*What is needed*:
The answer should be every line below, repeated exactly, with the images left out.

*Supplied material*:
========
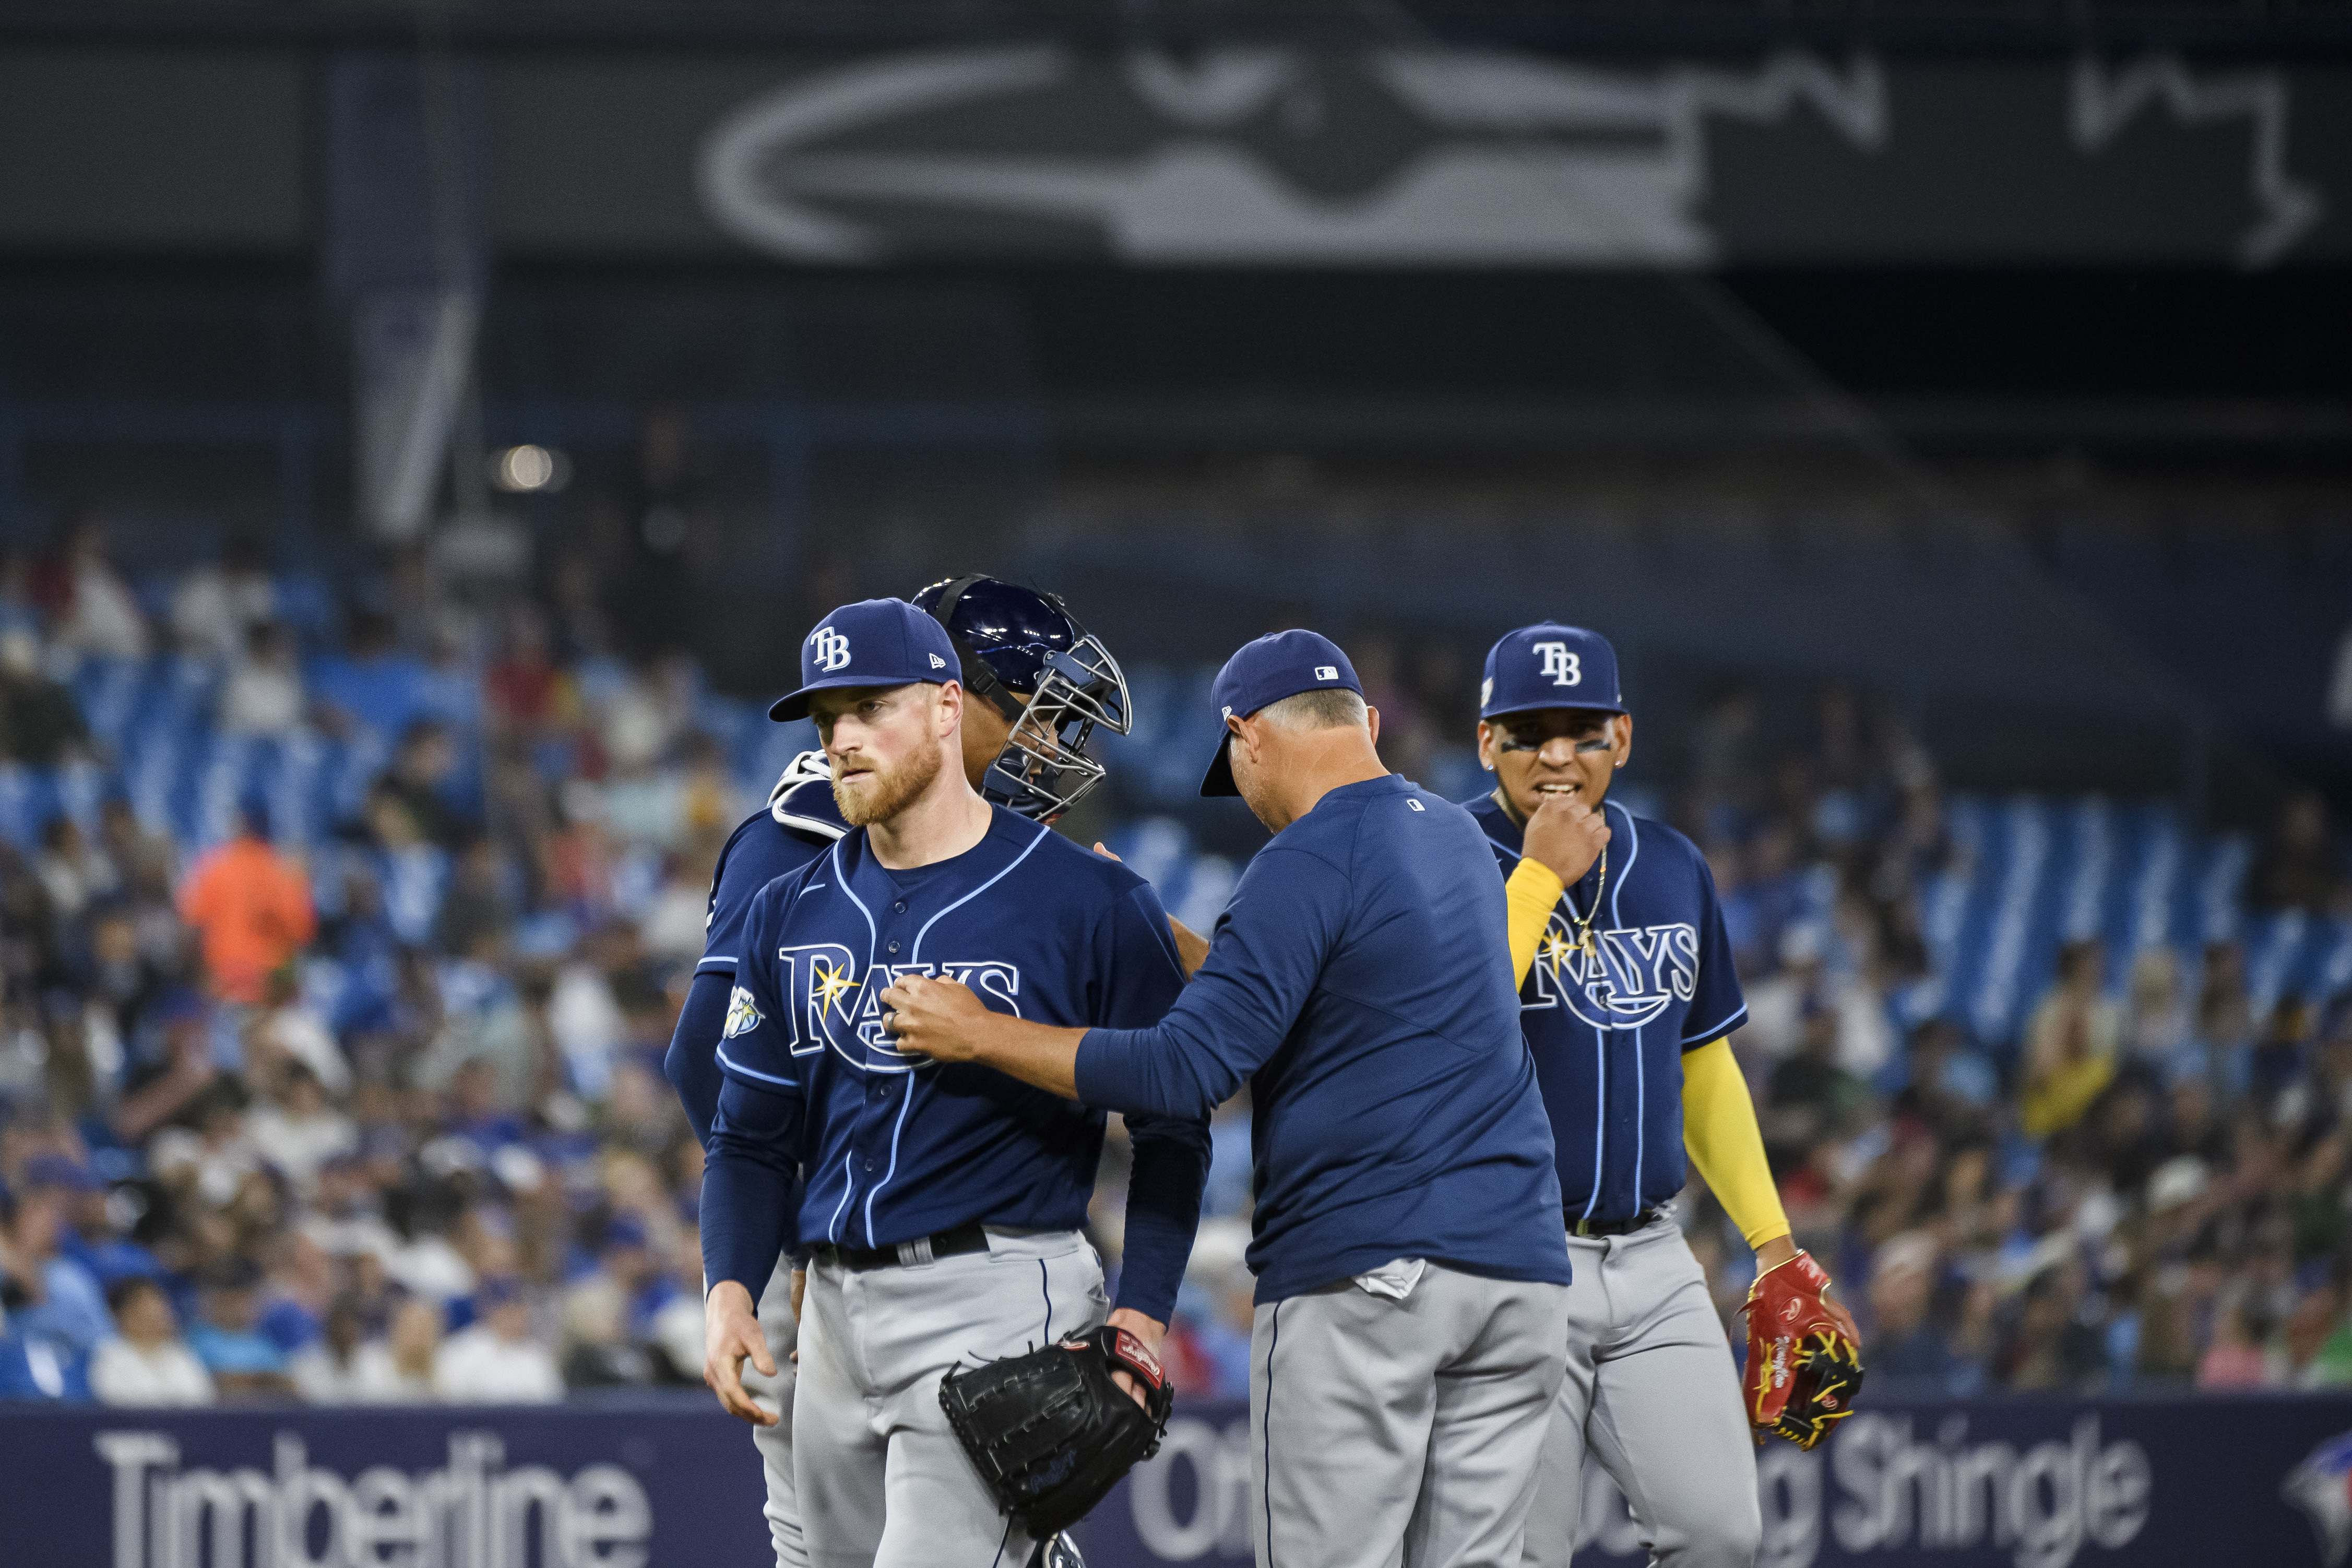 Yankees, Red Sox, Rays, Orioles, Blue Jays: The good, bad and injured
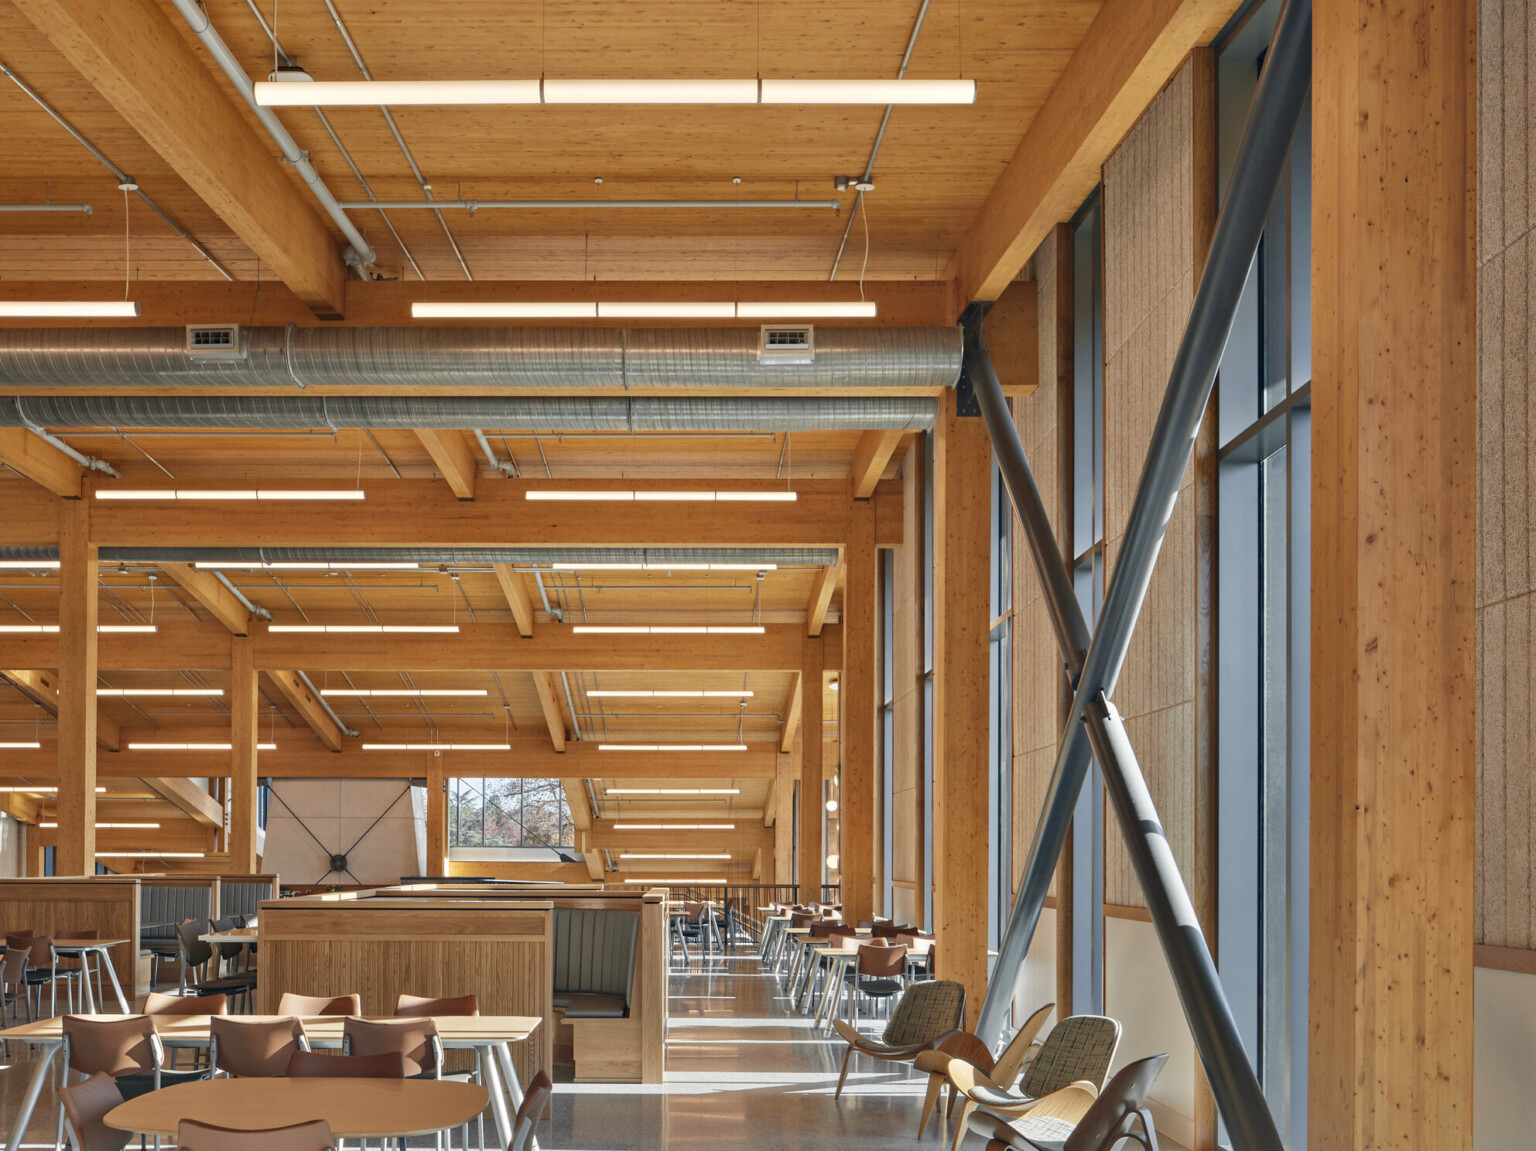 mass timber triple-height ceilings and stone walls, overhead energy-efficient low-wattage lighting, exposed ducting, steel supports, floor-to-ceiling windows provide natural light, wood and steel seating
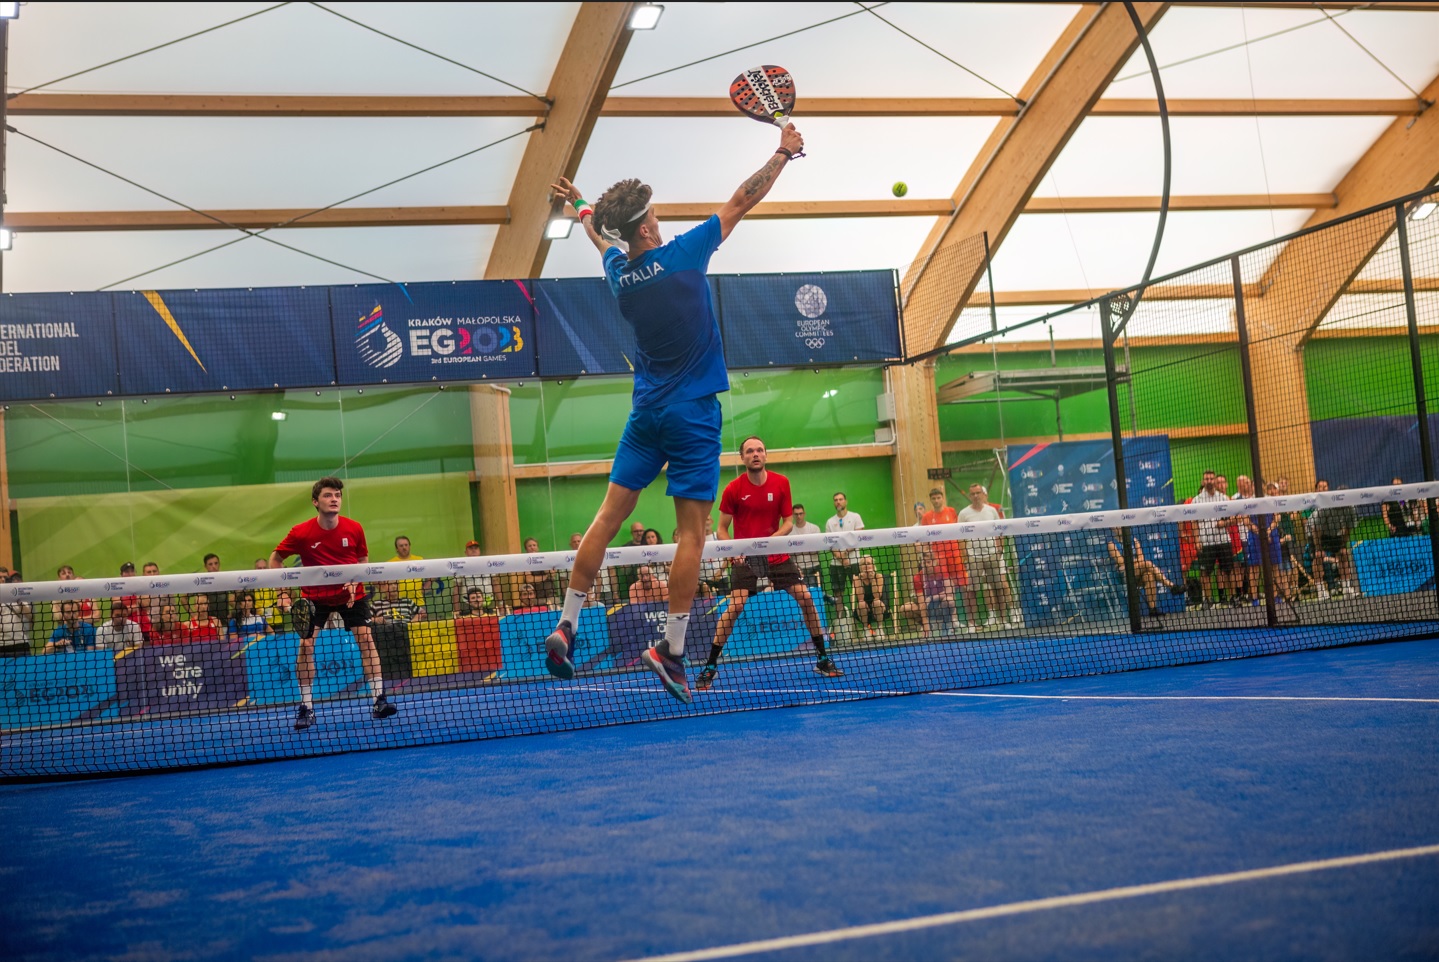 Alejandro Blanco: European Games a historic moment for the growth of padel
========
*Problem solution*:
 Yankees, Red Sox, Rays, Orioles, Blue Jays: The good, bad and injured
 mass timber triple-height ceilings and stone walls, overhead energy-efficient low-wattage lighting, exposed ducting, steel supports, floor-to-ceiling windows provide natural light, wood and steel seating
 Alejandro Blanco: European Games a historic moment for the growth of padel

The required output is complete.